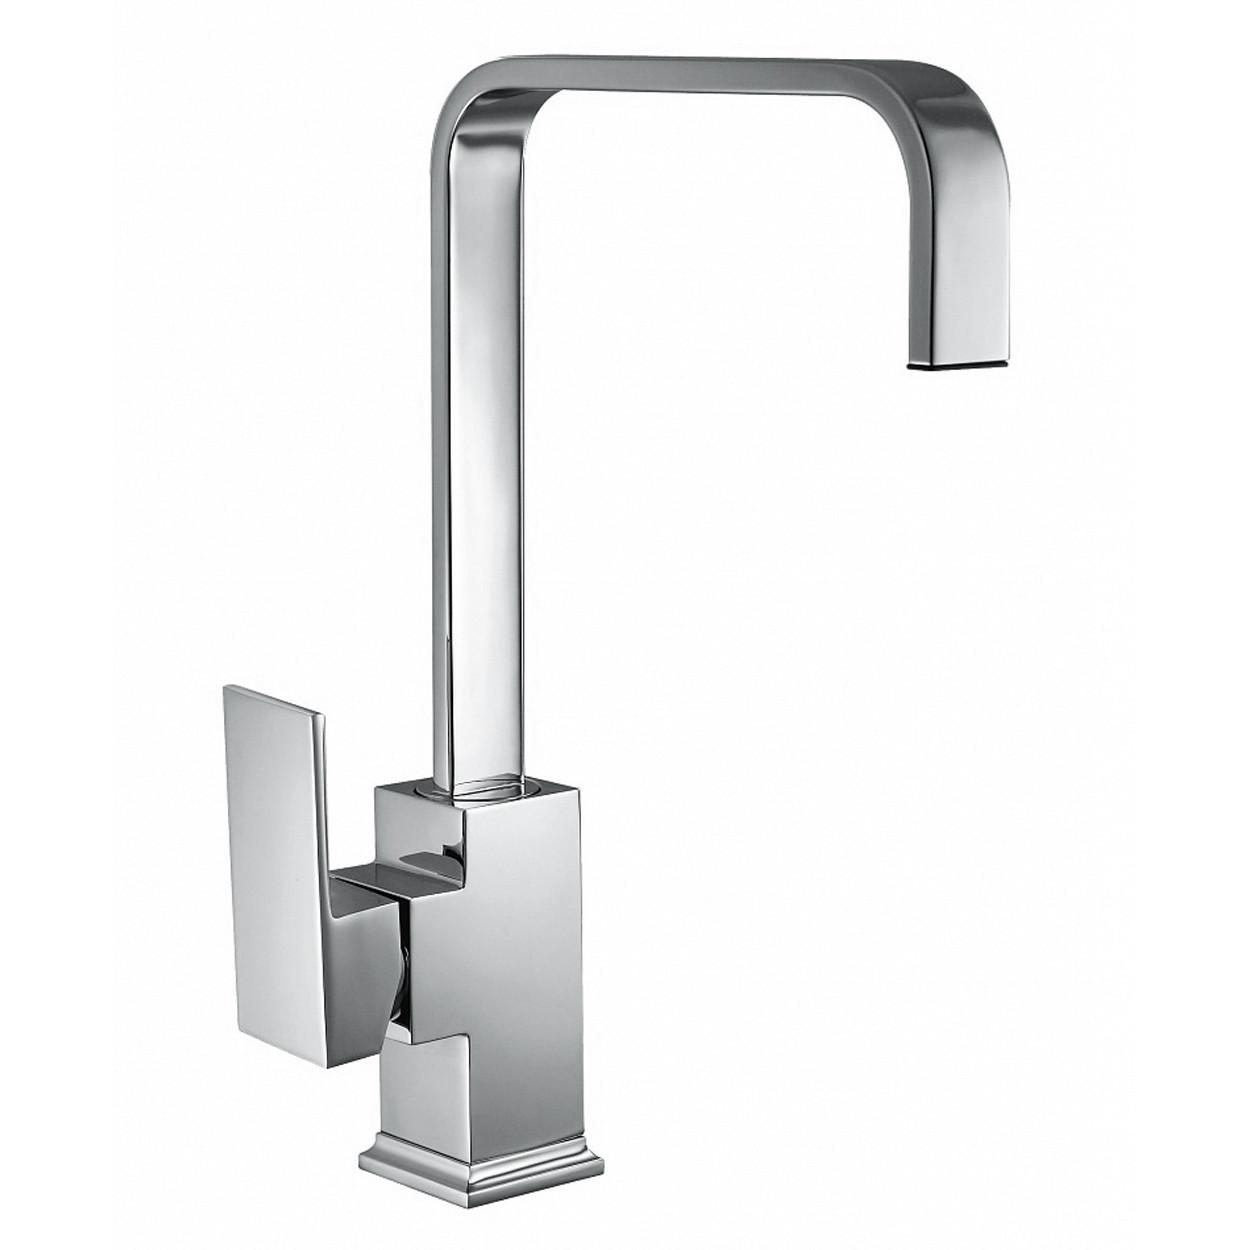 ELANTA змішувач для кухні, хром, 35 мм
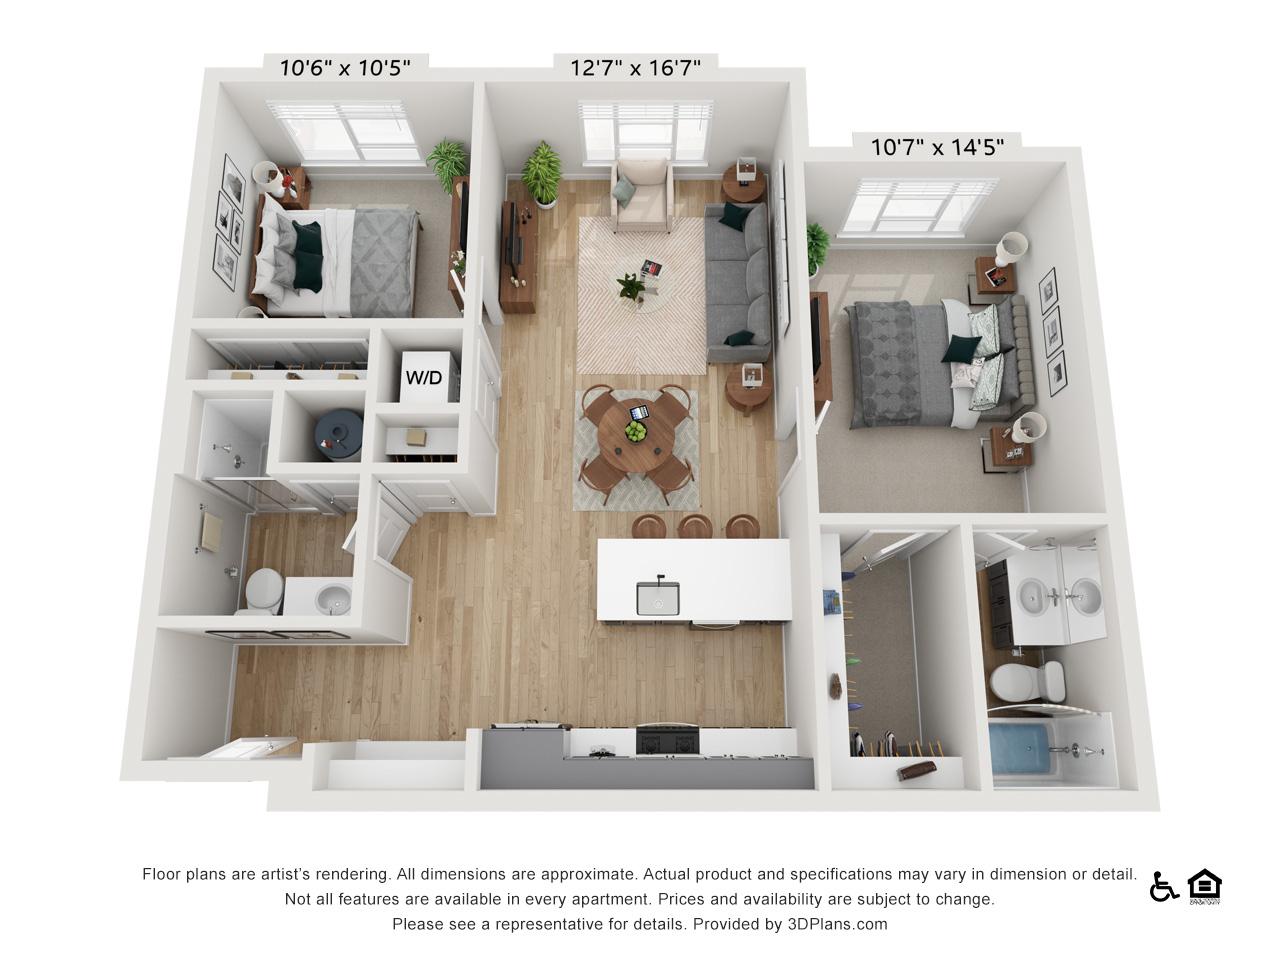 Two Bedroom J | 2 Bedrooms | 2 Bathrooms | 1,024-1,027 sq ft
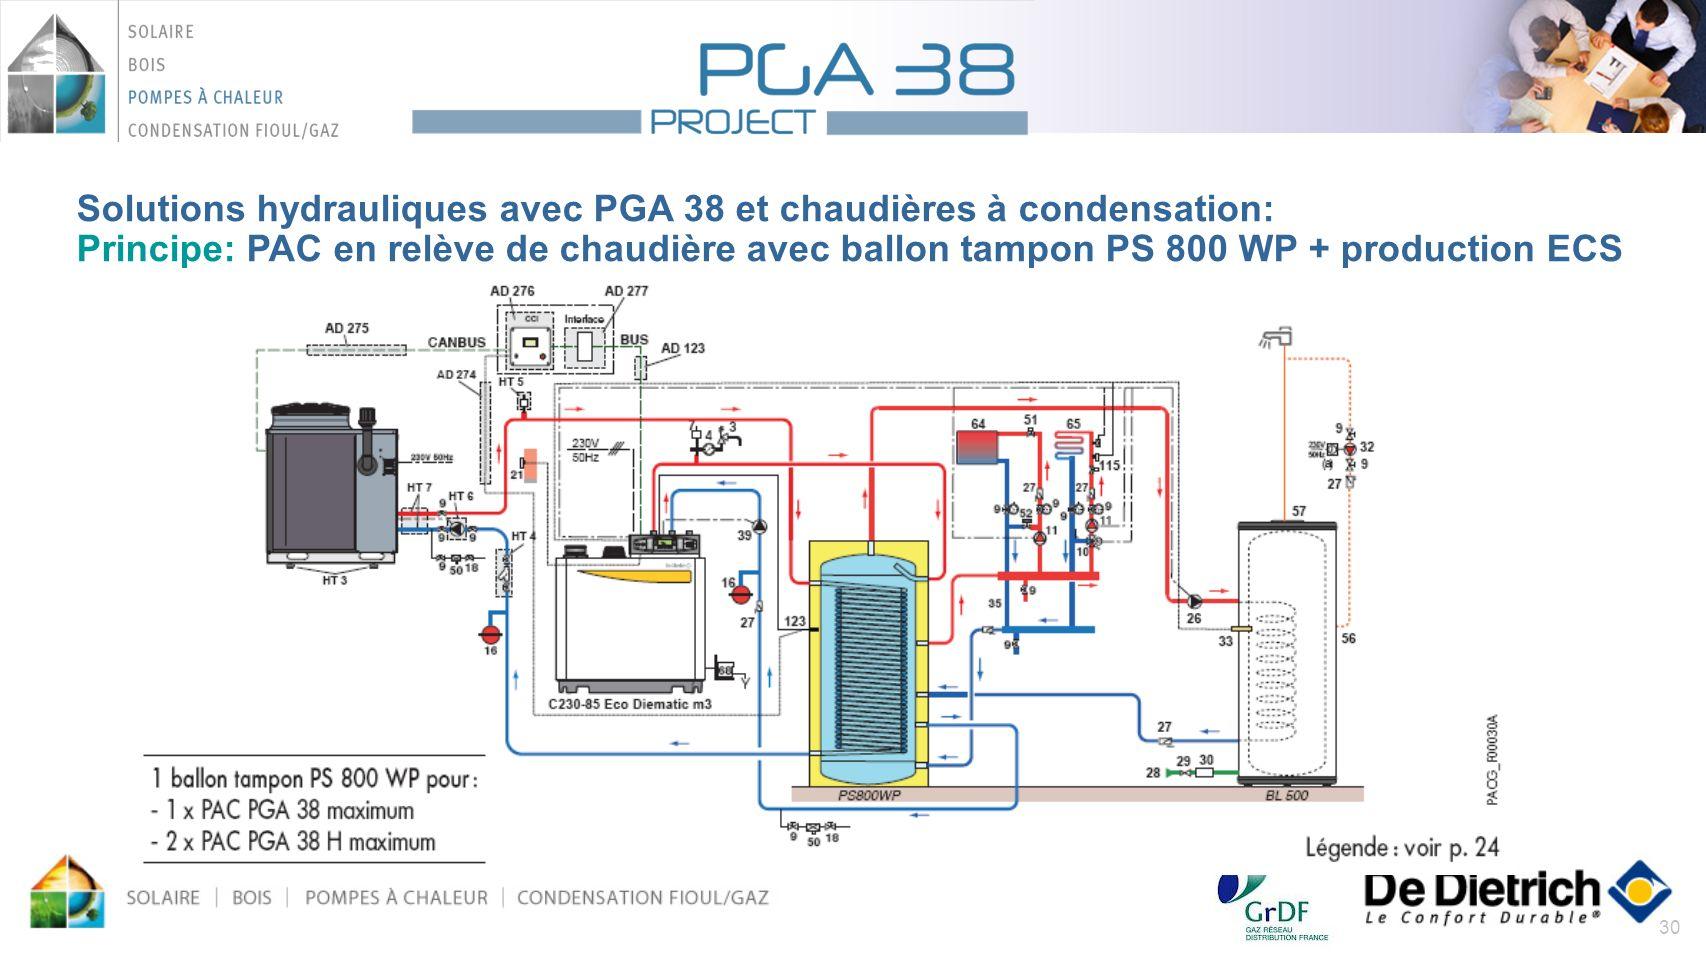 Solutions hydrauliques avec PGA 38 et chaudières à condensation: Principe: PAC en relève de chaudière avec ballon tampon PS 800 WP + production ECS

..........

◆ Task statement ◆
Could you retype the whole listing word for word, minus its pictures?

◆ Expected answer ◆
 ELANTA змішувач для кухні, хром, 35 мм
 Two Bedroom J | 2 Bedrooms | 2 Bathrooms | 1,024-1,027 sq ft
 Solutions hydrauliques avec PGA 38 et chaudières à condensation: Principe: PAC en relève de chaudière avec ballon tampon PS 800 WP + production ECS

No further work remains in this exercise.